The answer is a stretch of the material below, returned exactly: the line containing "The pierced decorated, platinum", the line containing "The feature diamond", and all lines between.

───── Exercise materials

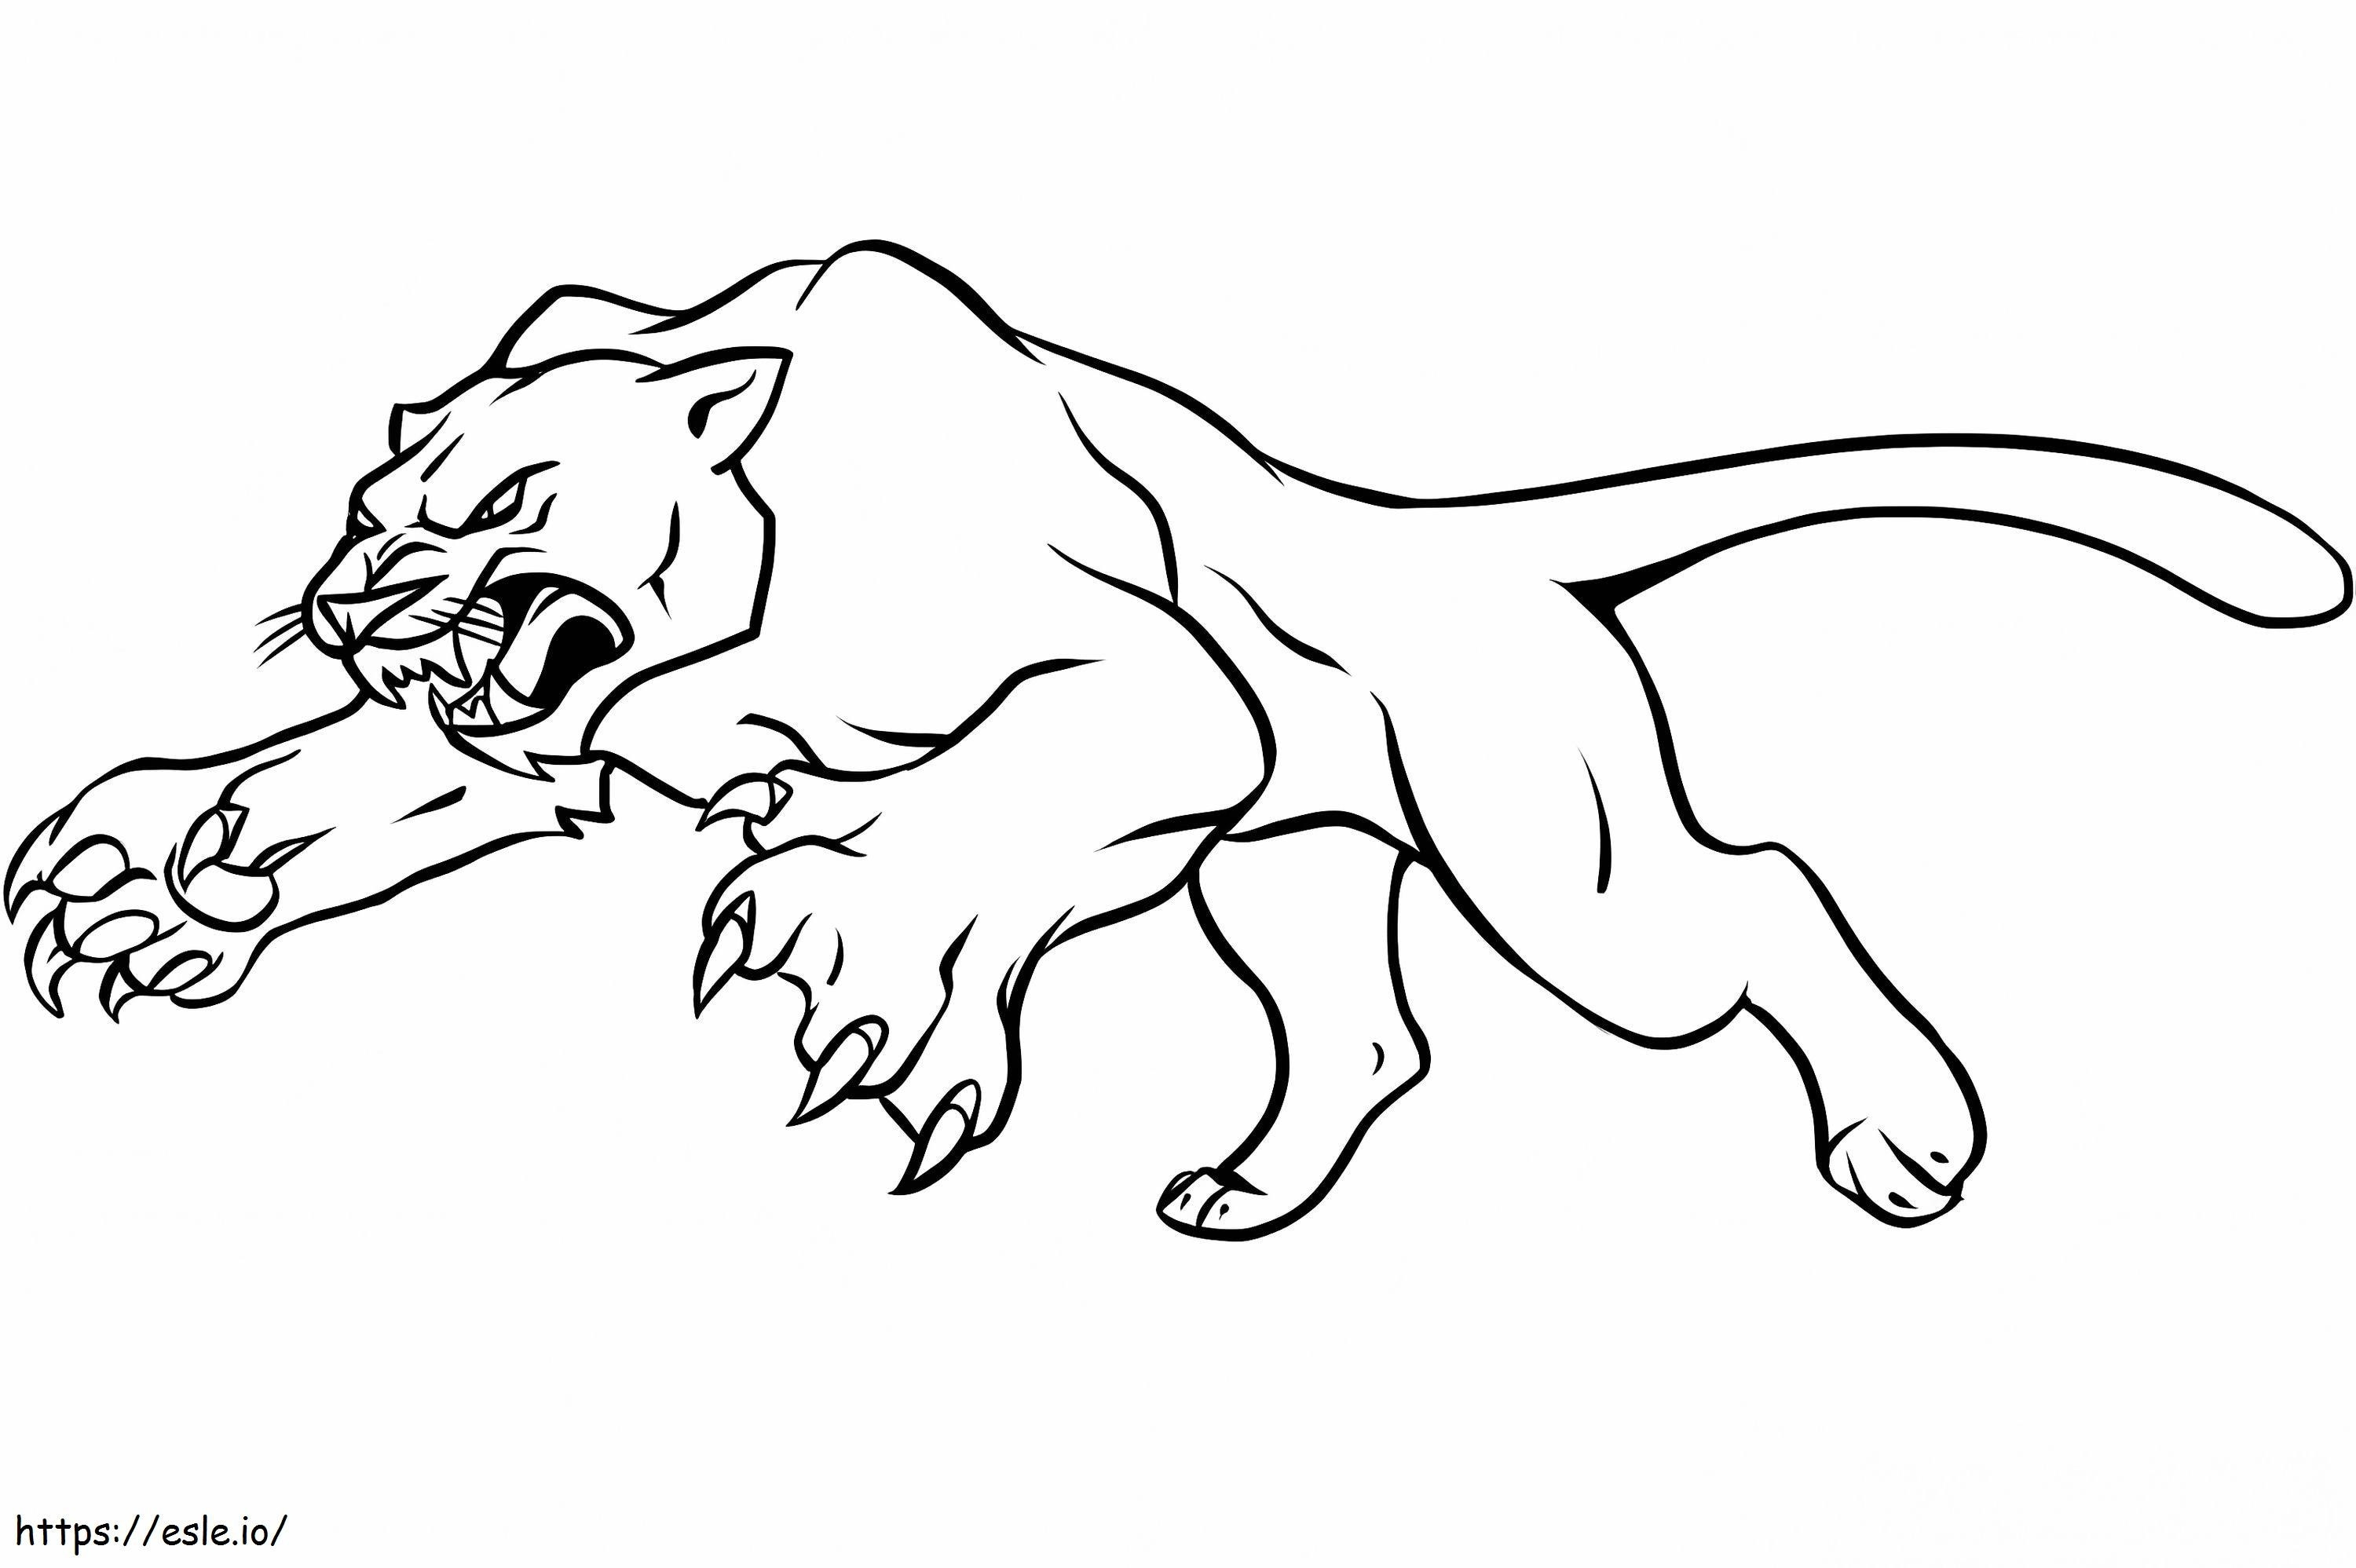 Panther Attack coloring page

──────────
───── Exercise materials

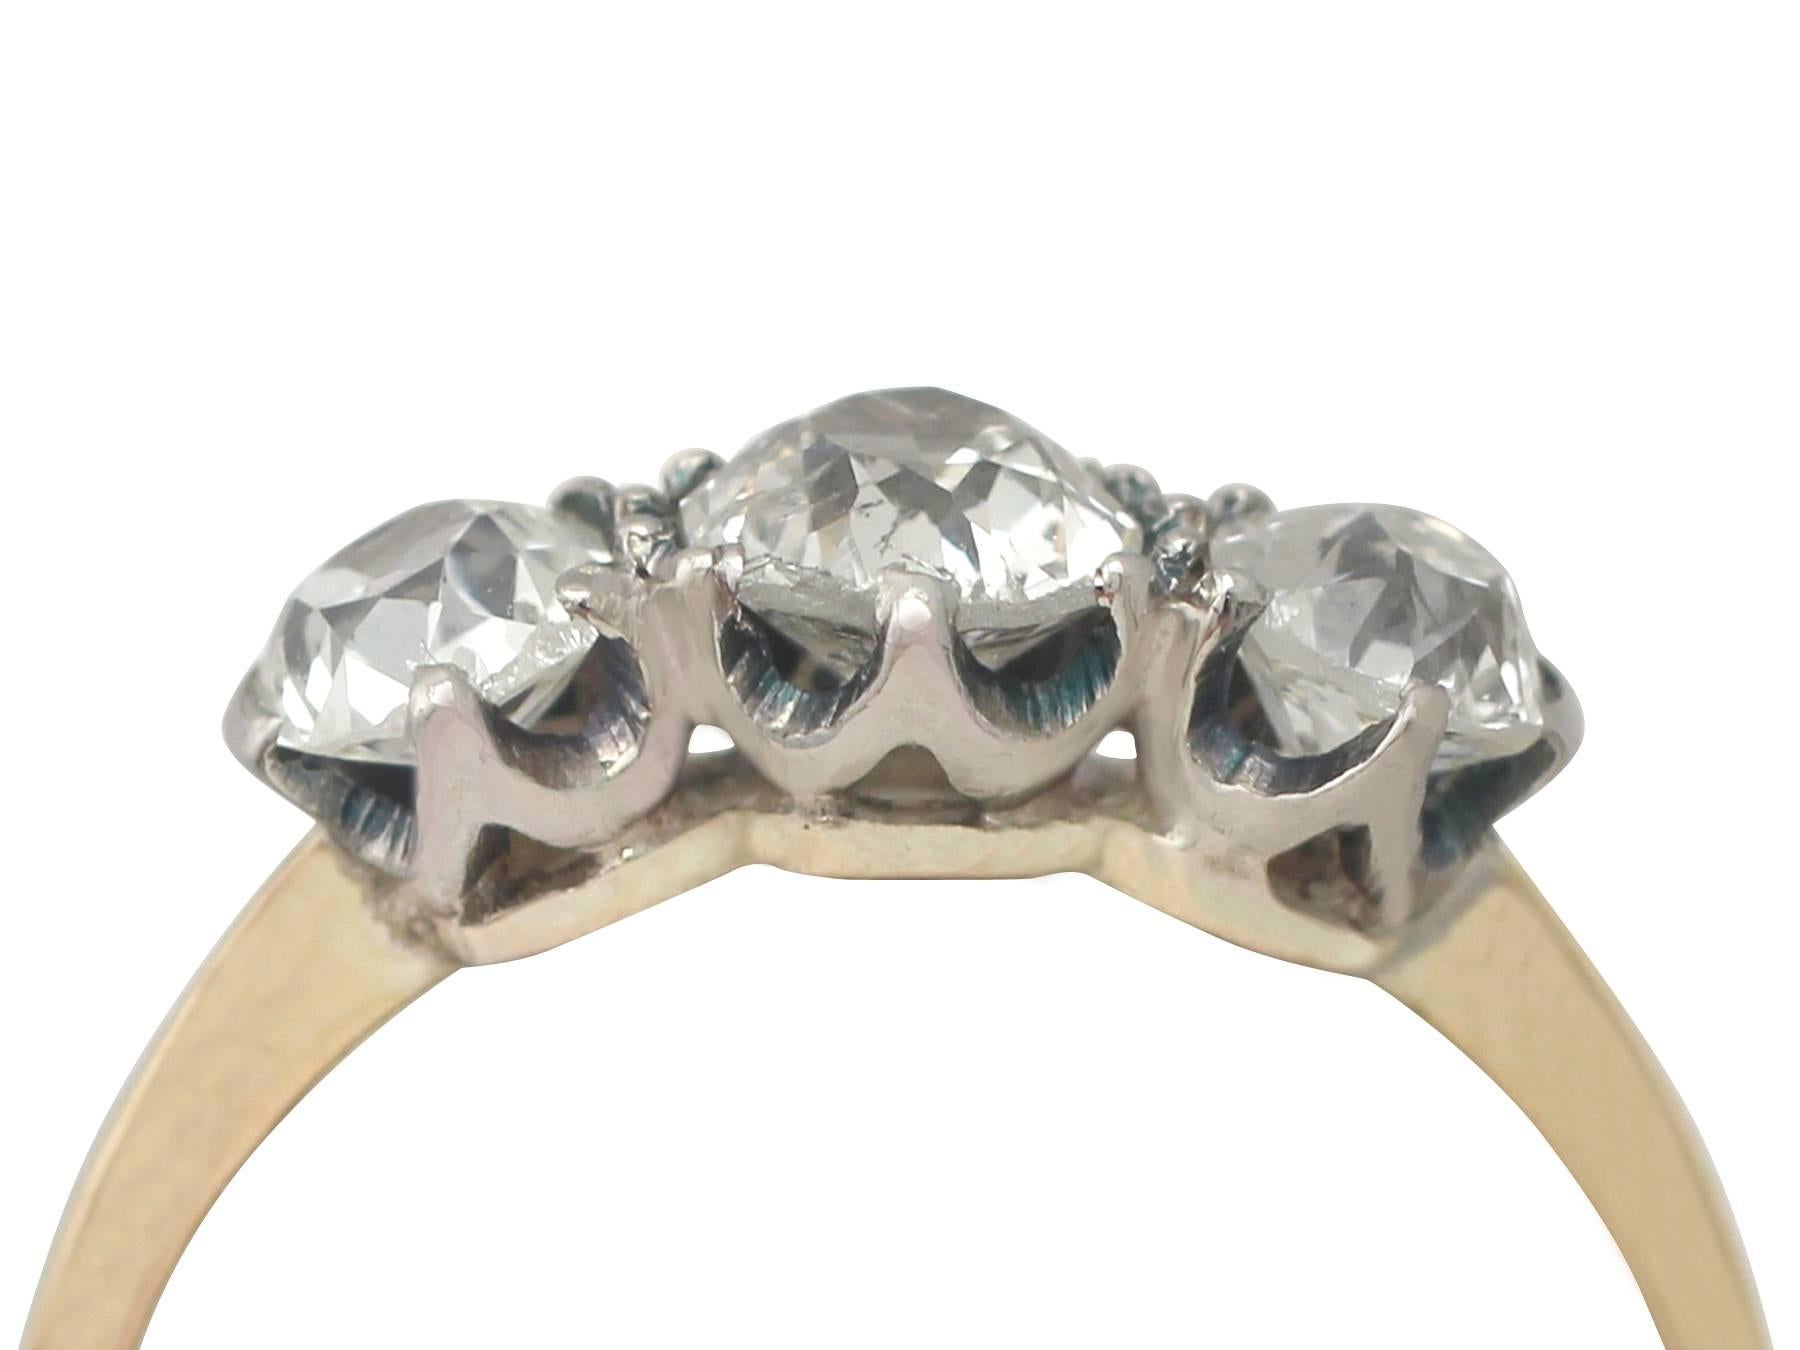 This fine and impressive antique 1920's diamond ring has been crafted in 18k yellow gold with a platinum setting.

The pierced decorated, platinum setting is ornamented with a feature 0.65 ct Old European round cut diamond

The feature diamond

──────────
───── Exercise materials

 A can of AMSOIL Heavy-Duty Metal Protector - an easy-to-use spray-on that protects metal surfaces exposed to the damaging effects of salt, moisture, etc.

──────────

• [The answer]
The pierced decorated, platinum setting is ornamented with a feature 0.65 ct Old European round cut diamond

The feature diamond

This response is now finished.